Why now: the size of the opportunity (and the cost of ignoring it)
Multiple industry sources estimate that 80–90% of enterprise data is unstructured and that it’s growing faster than structured data. That means the explanations you want are already being collected, just not used at scale.
At the same time, warehouse platforms and adjacent tooling have made it far easier to store and analyze text in place. For example, leading warehouse providers Snowflake and BigQuery now have native, at-scale text and document analysis with AI features that can summarize, extract, and join unstructured results alongside to the other fields in tables.
The Why Layer: modeling unstructured data inside your semantic layer
We propose that teams should be focused on building out a “Why Layer”. The Why Layer treats unstructured fields as first-class citizens in your semantic model. In practice:
- You label text columns in tables that link to your existing business entities, time, and measures, so each comment or note can travel with the numbers it helps explain.
- You query structured and unstructured together: “Show win-rate by segment, and surface the top reasons we lost—with quotes and source links.”
- You keep one source of truth for definitions while broadening what “analysis” includes—numbers and narratives. This extends, rather than replaces, your current semantic approach (for dbt users, think of it as expanding the surface area your metrics and models can draw from).
How AI actually unlocks the “why”
Modern language models can read enterprise text to summarize, extract facts, identify themes, and classify reasons.
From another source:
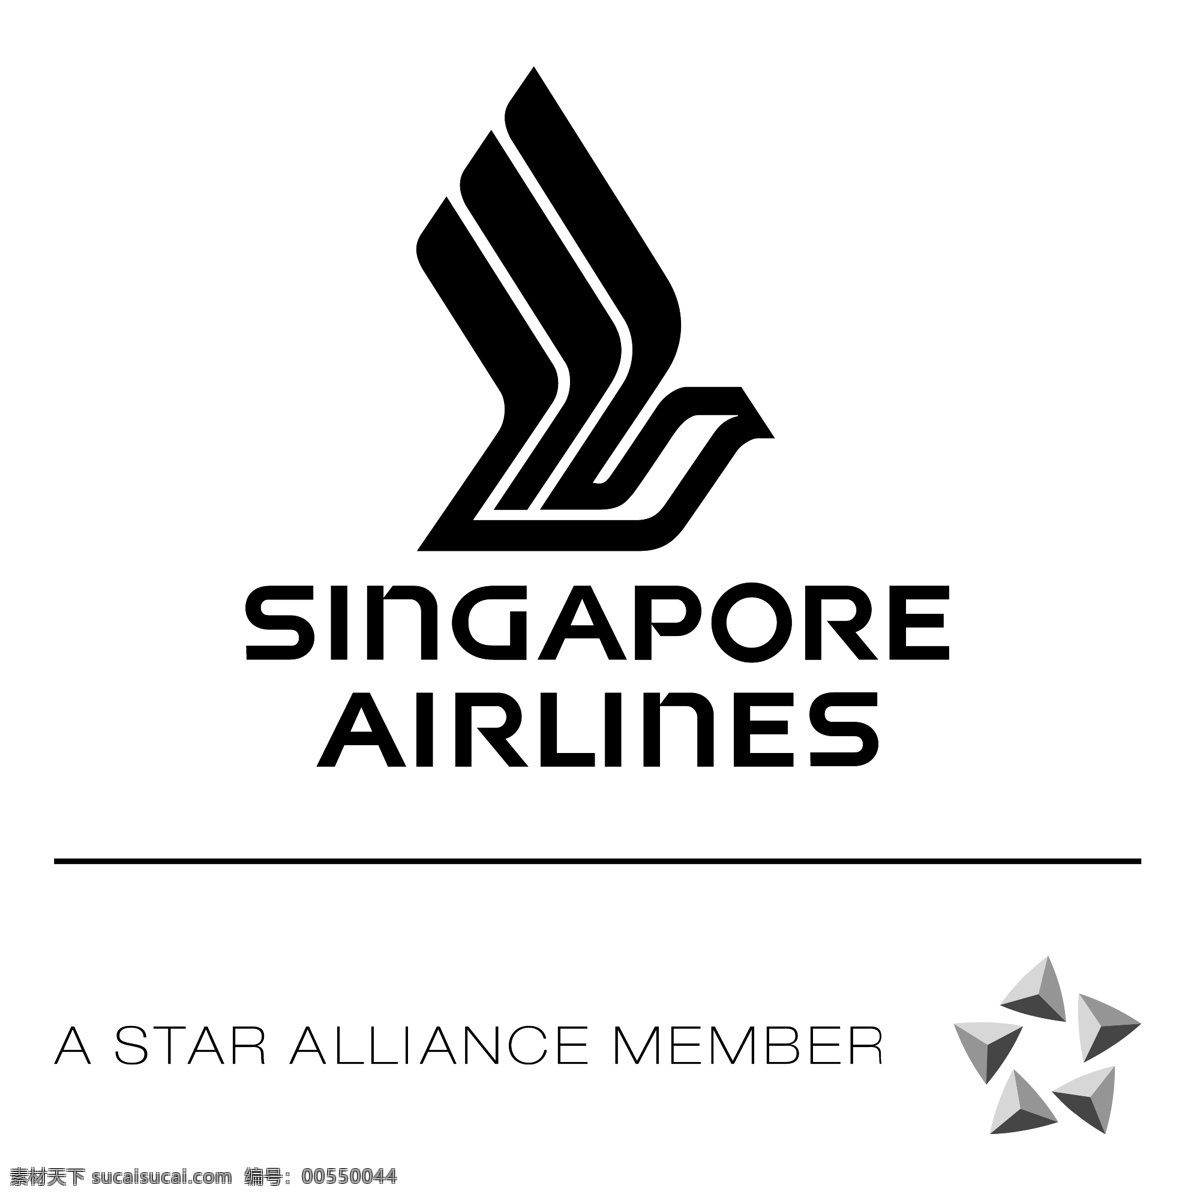 新加坡航空公司 新加坡 标识 向量 标志 矢量 矢量图 建筑家居
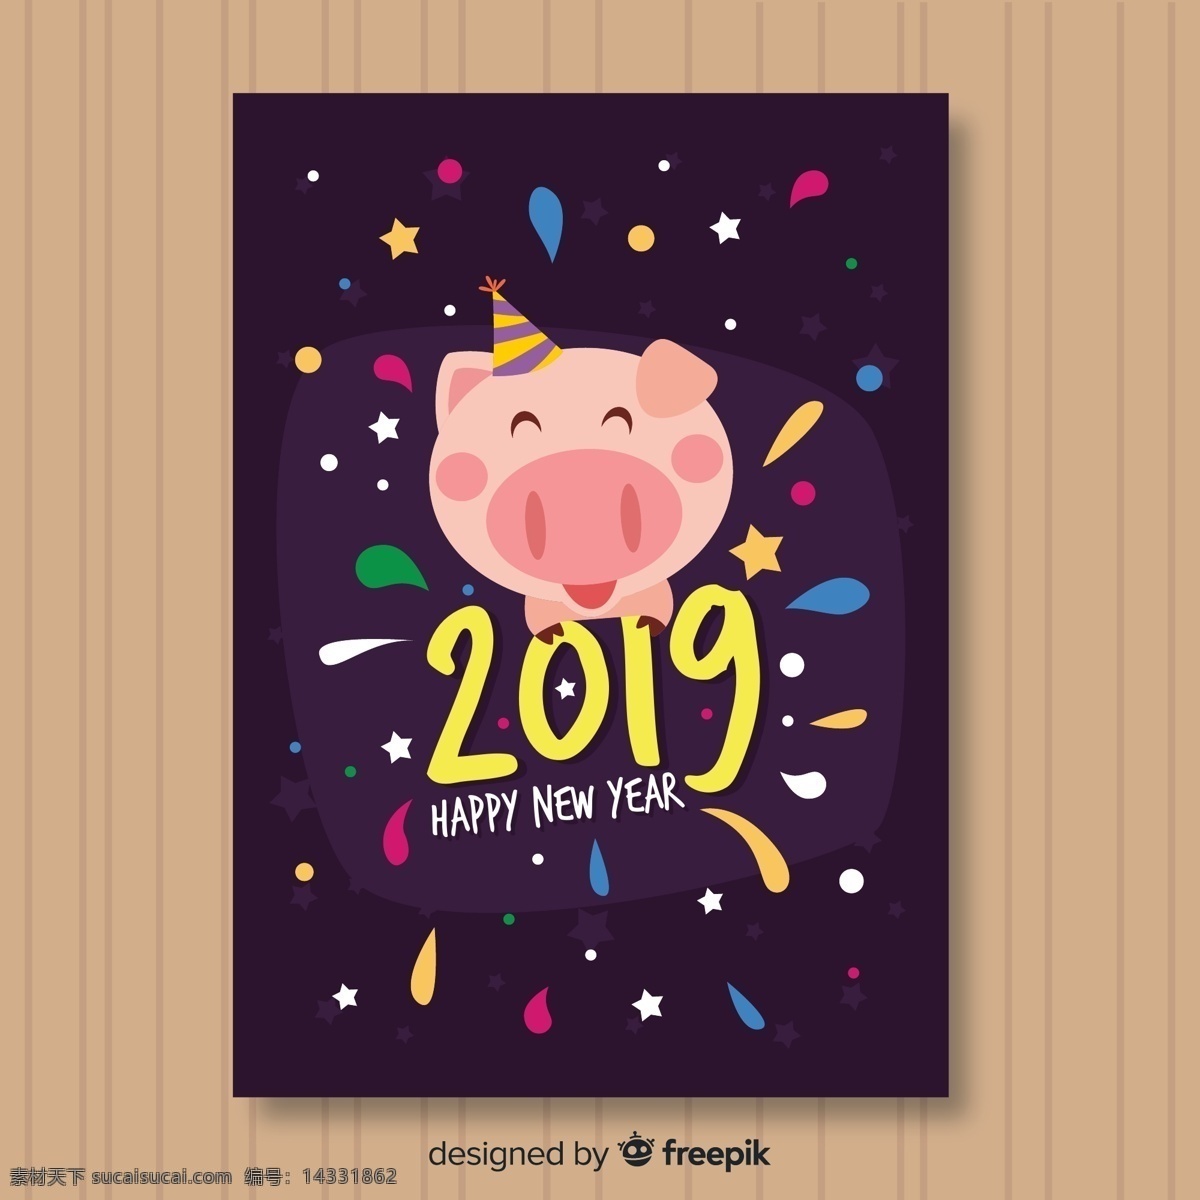 2019 年 可爱 小 猪 新年贺卡 矢量 木板 happy new year 2019年 小猪 新年 贺卡 名片卡片

The most reliable approach in production is to keep models grounded in your data: retrieve the relevant passages, have the model reason over them, and return explanations with citations back to the exact lines of text. (This “retrieve-then-reason” pattern—often called retrieval-augmented generation—exists to reduce hallucination and keep answers verifiable.)
Put simply:
- Read selected text fields you choose;
- Understand topics, reasons, entities, and sentiment;
- Connect findings to people/products/time/metrics;
- Explain with short quotes and links to sources.
What changes when you add the Why Layer
- Sales & RevOps: You learn why win rate dropped in enterprise last quarter (e.g., missing champion, security objections), with excerpts from deal notes.
- Customer Success & Support: You see the themes that predict churn in premium plans by reading ticket text tied to cancellations.
- Marketing: You map campaign notes and keyword narratives to qualified lead creation, so you can re-allocate budget to what actually persuades.
- Product & Engineering: You align feedback, postmortems, and incidents with adoption and reliability metrics to prioritize fixes that matter most.
Industry pieces continue to show higher-quality decisions when teams combine structured metrics and unstructured signals into one analysis flow, rather than treating them as separate worlds.
Getting Started with the Why Layer
- Start with one metric and one unstructured source (for example, closed-won rate + CRM notes).
- Keep governance first: choose text fields intentionally, apply redaction and role-based access, and always show citations. Trustworthy AI depends on well-governed data and transparent sources.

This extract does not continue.